Banco Genético no Rio de Janeiro: Uma Nova Ferramenta na Identificação de Desaparecidos
O Rio de Janeiro dará um passo significativo na luta contra o desaparecimento de pessoas com a criação de um banco de perfis genéticos. A nova legislação, sancionada pelo governador Cláudio Castro em 20 de outubro, visa não apenas auxiliar as investigações policiais, mas também proporcionar um meio eficaz para identificar indivíduos desaparecidos.
Estrutura e Funcionamento do Banco Genético
O banco estadual será interligado à rede nacional de perfis genéticos, seguindo as diretrizes do Ministério da Justiça e Segurança Pública. Segundo a nova lei, os perfis poderão ser inseridos em três circunstâncias distintas: para criminosos condenados por crimes hediondos ou de violência grave, por meio de decisões judiciais e pela doação voluntária de familiares de pessoas desaparecidas.
Proteção de Dados e Sigilo
A legislação estabelece rigorosos mecanismos de proteção para os dados armazenados no banco. As informações terão acesso controlado e serão mantidas em sigilo, garantindo que apenas dados genéticos e informações sobre o sexo biológico sejam utilizados para identificação.
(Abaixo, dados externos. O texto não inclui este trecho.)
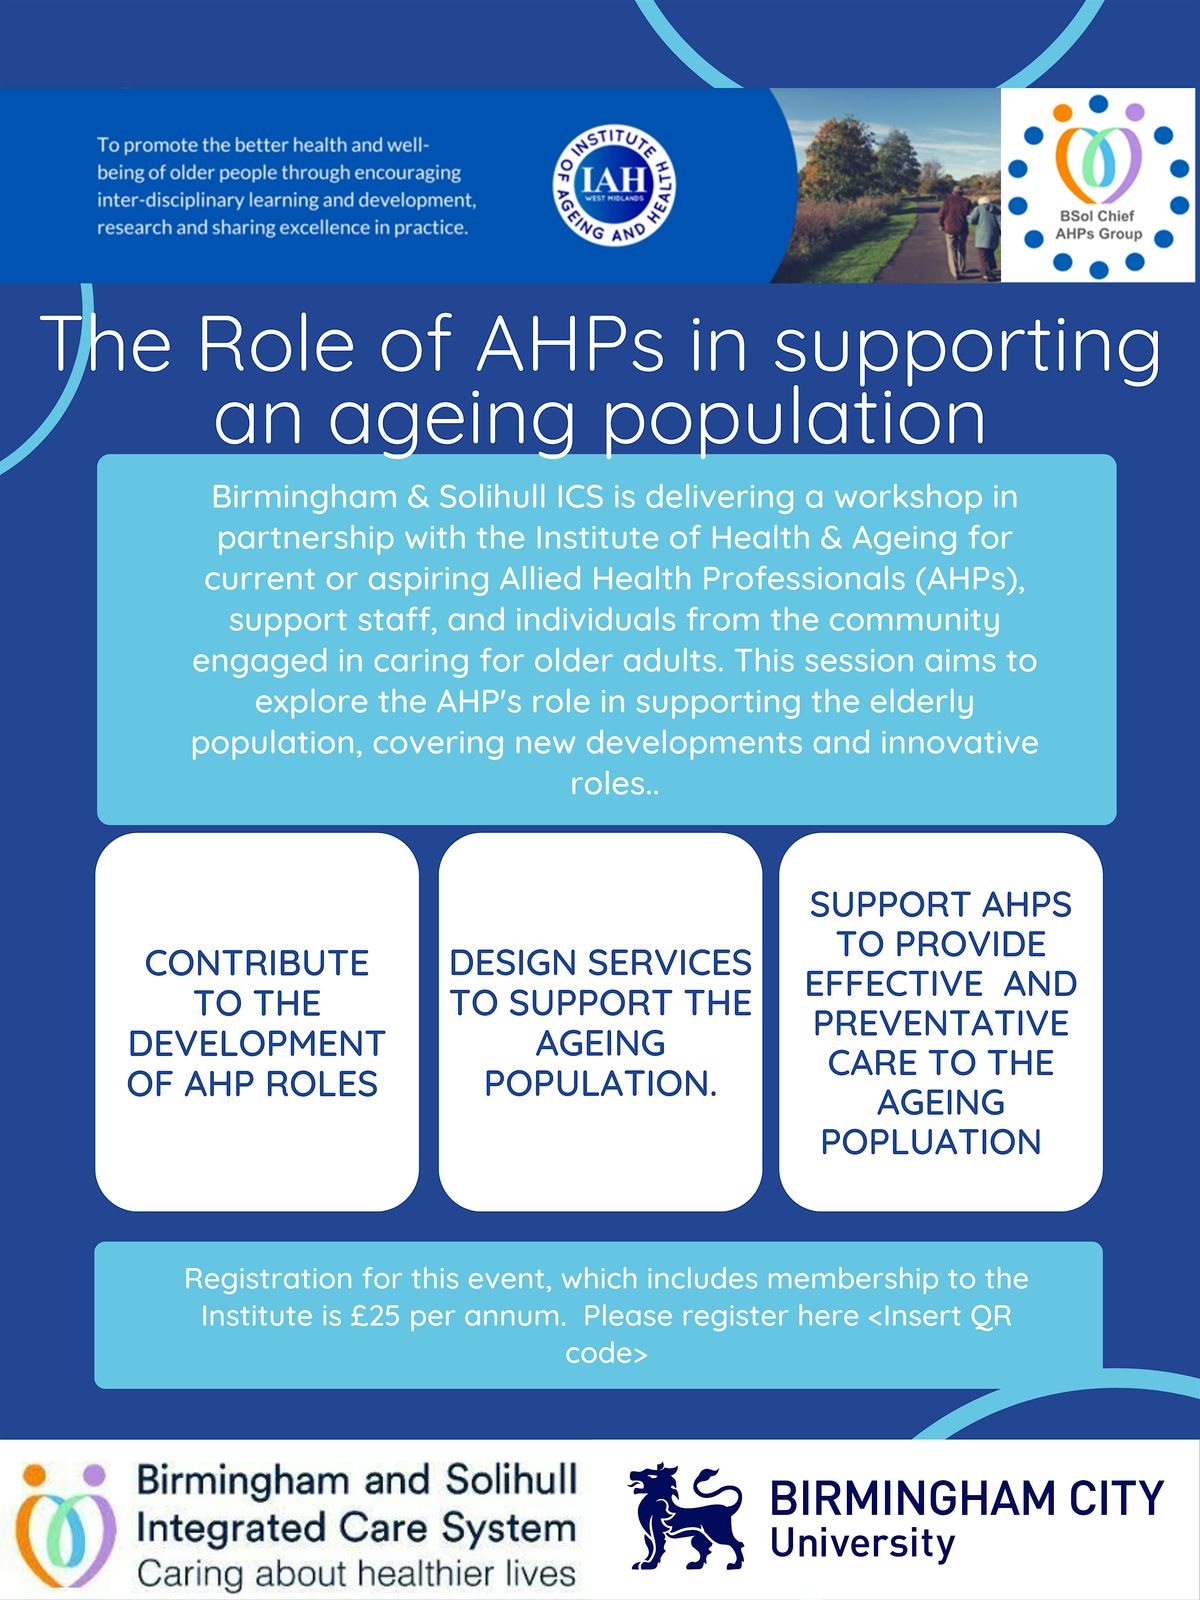 Role of Allied Health Professionals in supporting an ageing population

A privacidade de características físicas ou comportamentais será respeitada, evitando exposições desnecessárias.
Direitos dos Titulares de Dados
Os indivíduos cujos dados estiverem no sistema terão direitos assegurados. Em situações como absolvição, erro pericial ou extinção da punibilidade, será possível solicitar a exclusão dos registros. Além disso, o titular ou seu representante legal poderá requerer a correção de informações, promovendo assim um controle maior sobre os dados pessoais.
Conformidade com a LGPD
A implementação do banco genético está em conformidade com a Lei Geral de Proteção de Dados Pessoais (LGPD). O estado designará um responsável pelo tratamento das informações, assegurando que medidas de segurança, transparência e prevenção de abusos sejam rigorosamente adotadas.
Colaborações com Instituições de Pesquisa
Além de sua estrutura básica, o estado do Rio de Janeiro também planeja estabelecer parcerias com universidades e instituições de pesquisa. Essas colaborações visam aprimorar o sistema de identificação, contribuindo para a eficácia das investigações e para a solução de casos de desaparecimento.
A criação deste banco genético representa uma inovação importante nas práticas de segurança pública do estado, oferecendo uma nova esperança para familiares de pessoas desaparecidas e reforçando o compromisso com a justiça e a proteção de dados.